Dataset excerpt Start Marker

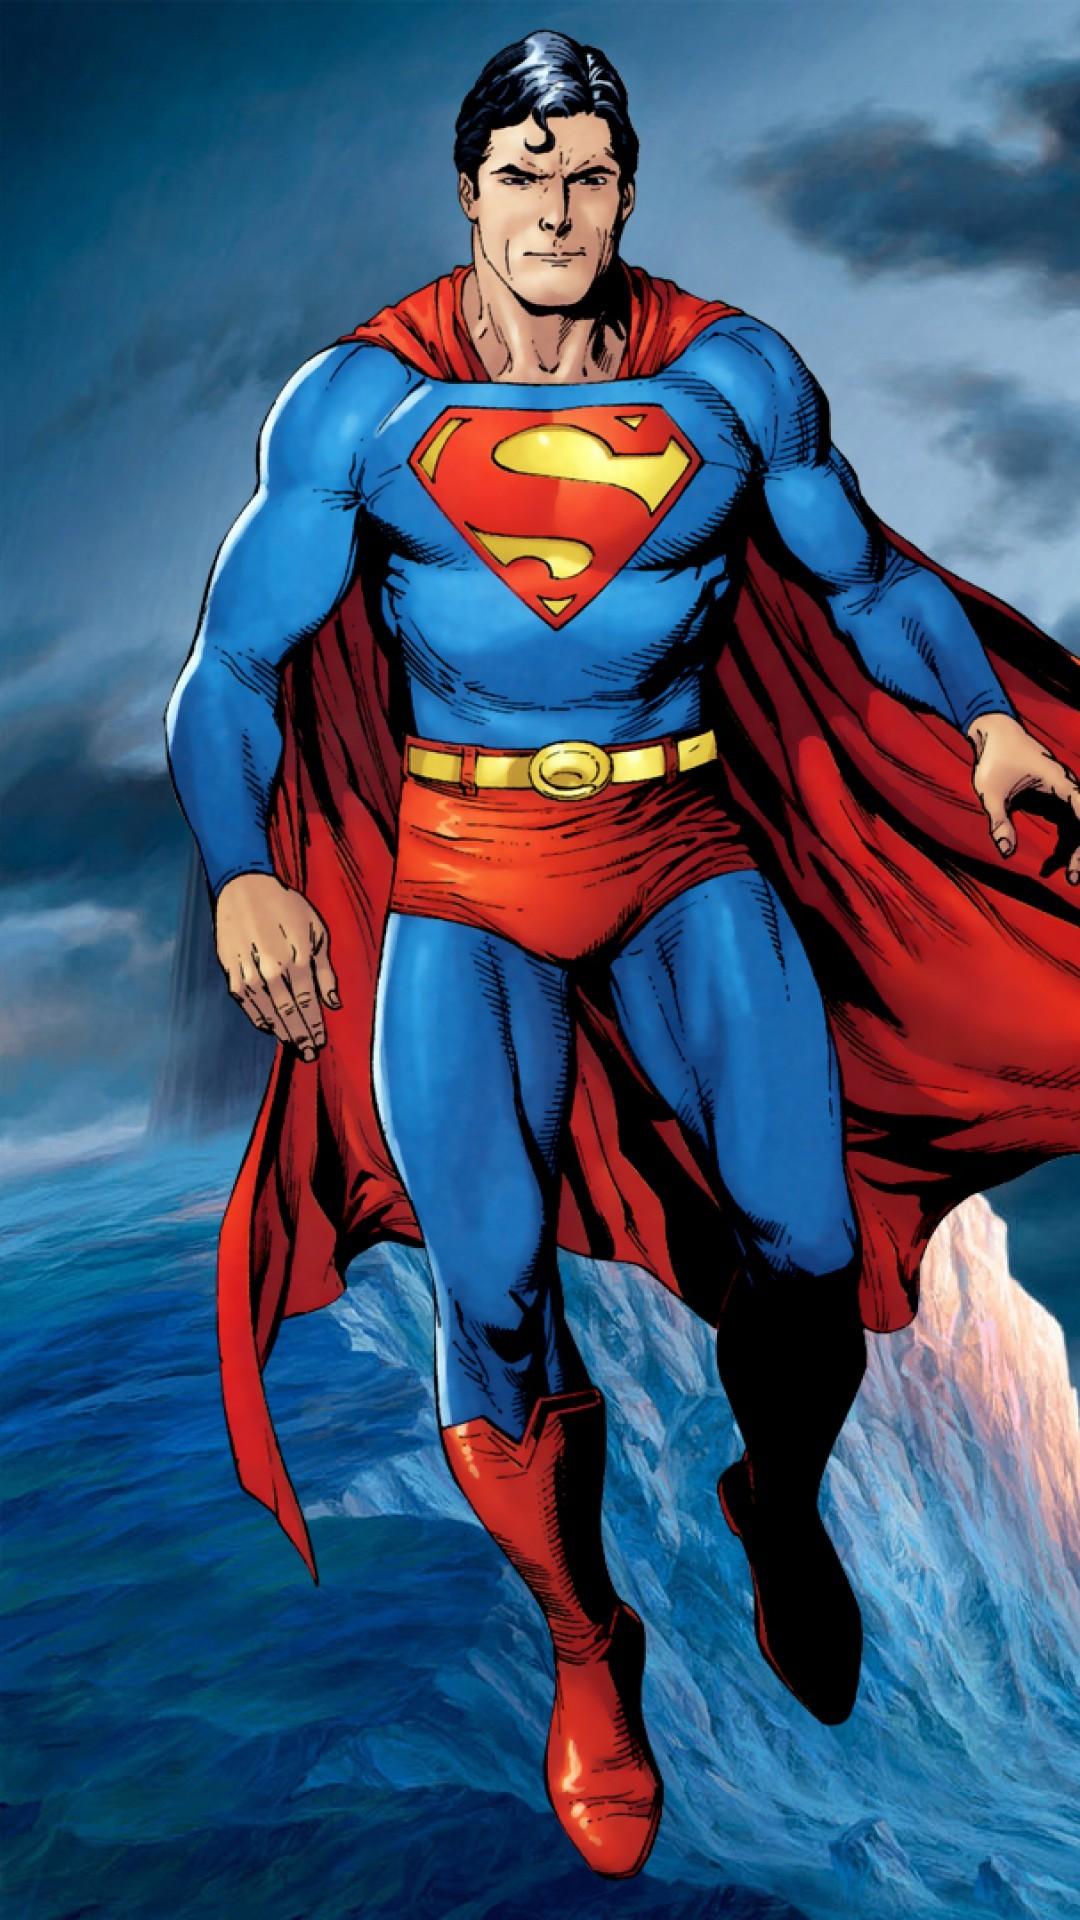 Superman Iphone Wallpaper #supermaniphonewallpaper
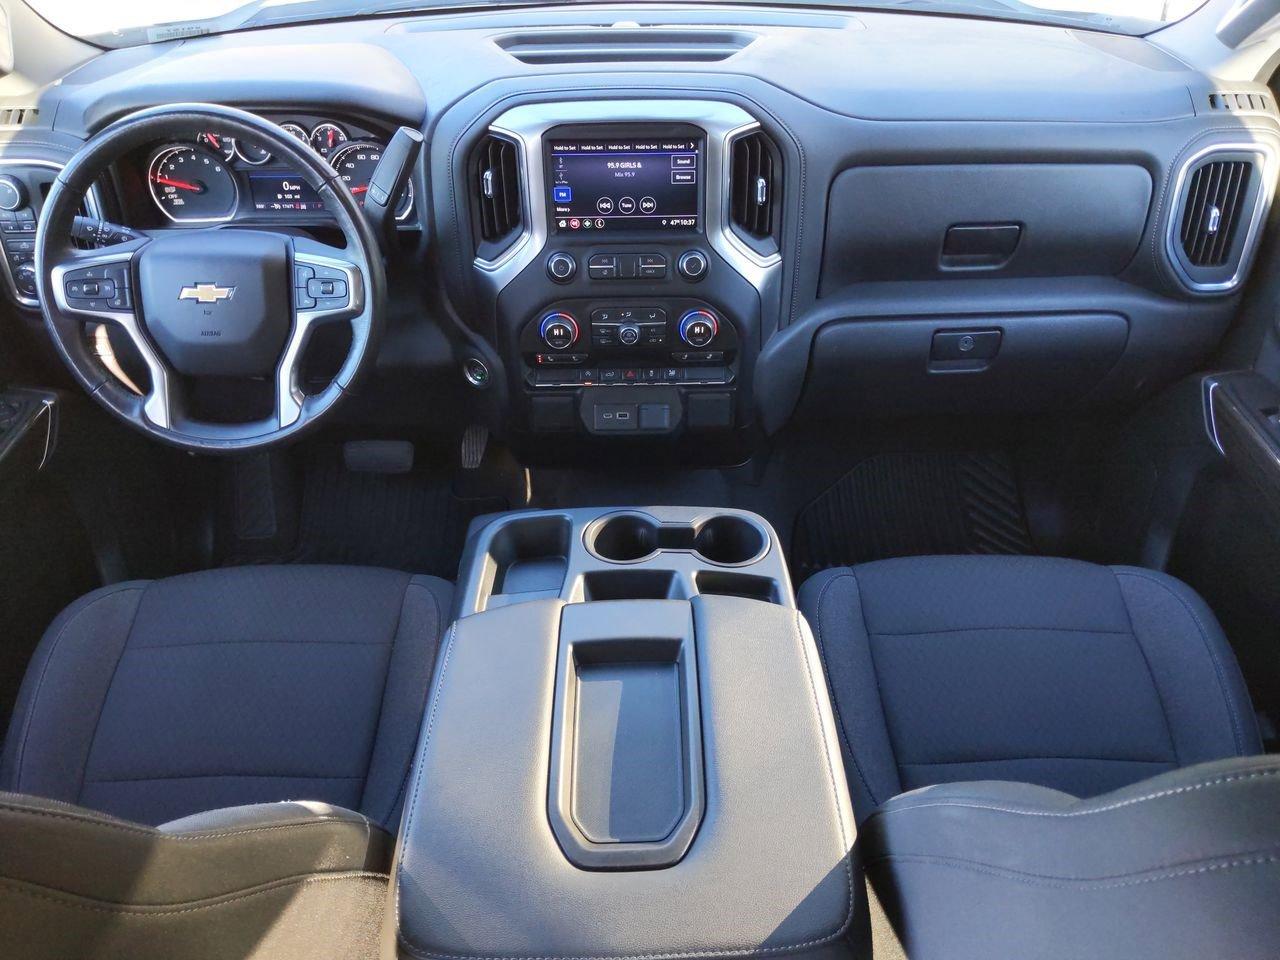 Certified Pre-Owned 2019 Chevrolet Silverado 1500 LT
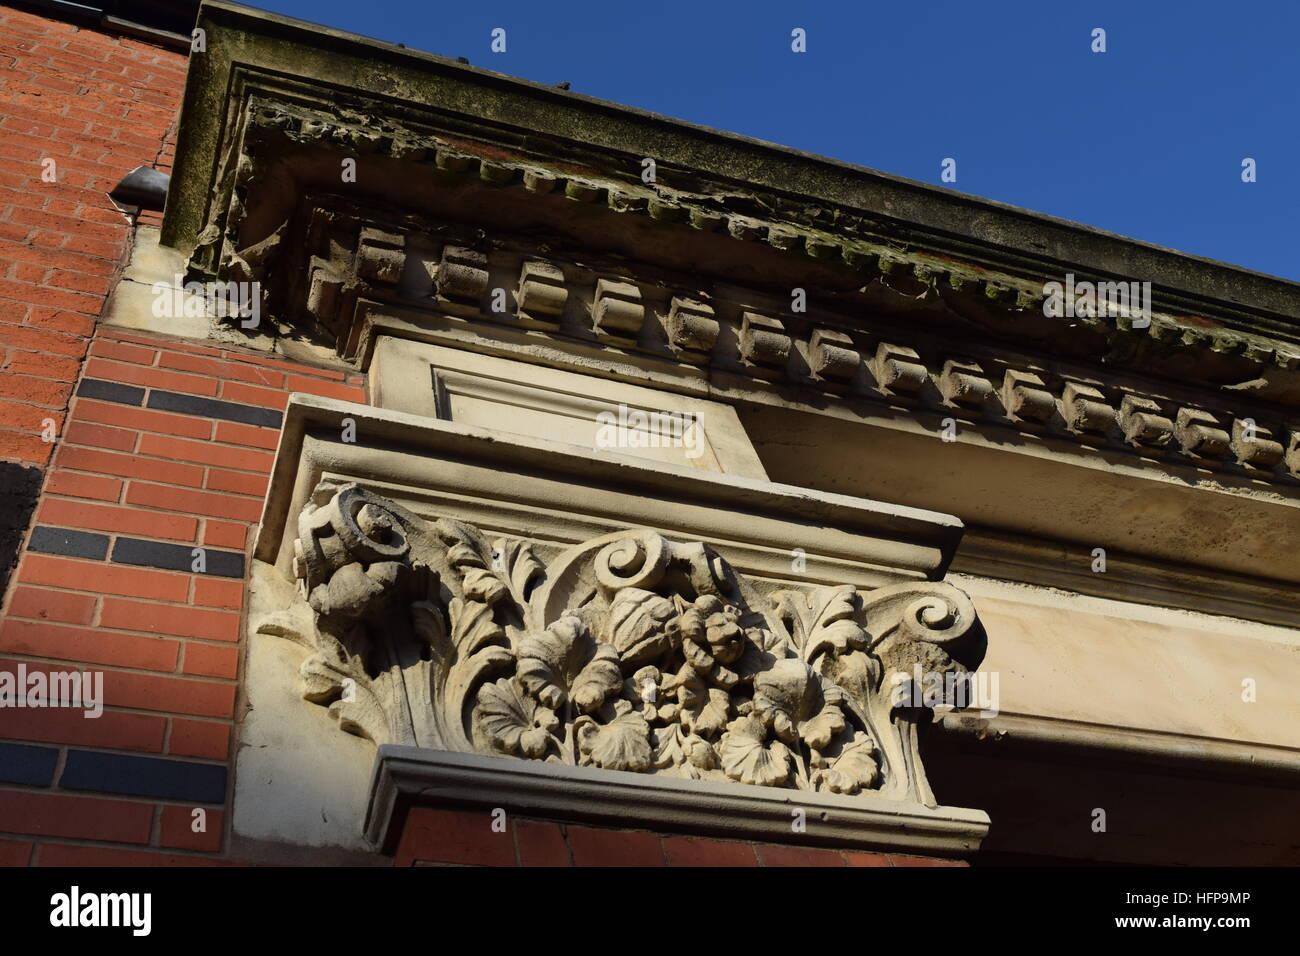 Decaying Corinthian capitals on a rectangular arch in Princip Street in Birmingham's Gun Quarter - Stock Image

Dataset excerpt End Marker

## What to produce:
What you return should be the whole listing, word for word, without its pictures.

## Output for this exercise:
 Superman Iphone Wallpaper #supermaniphonewallpaper
 Certified Pre-Owned 2019 Chevrolet Silverado 1500 LT
 Decaying Corinthian capitals on a rectangular arch in Princip Street in Birmingham's Gun Quarter - Stock Image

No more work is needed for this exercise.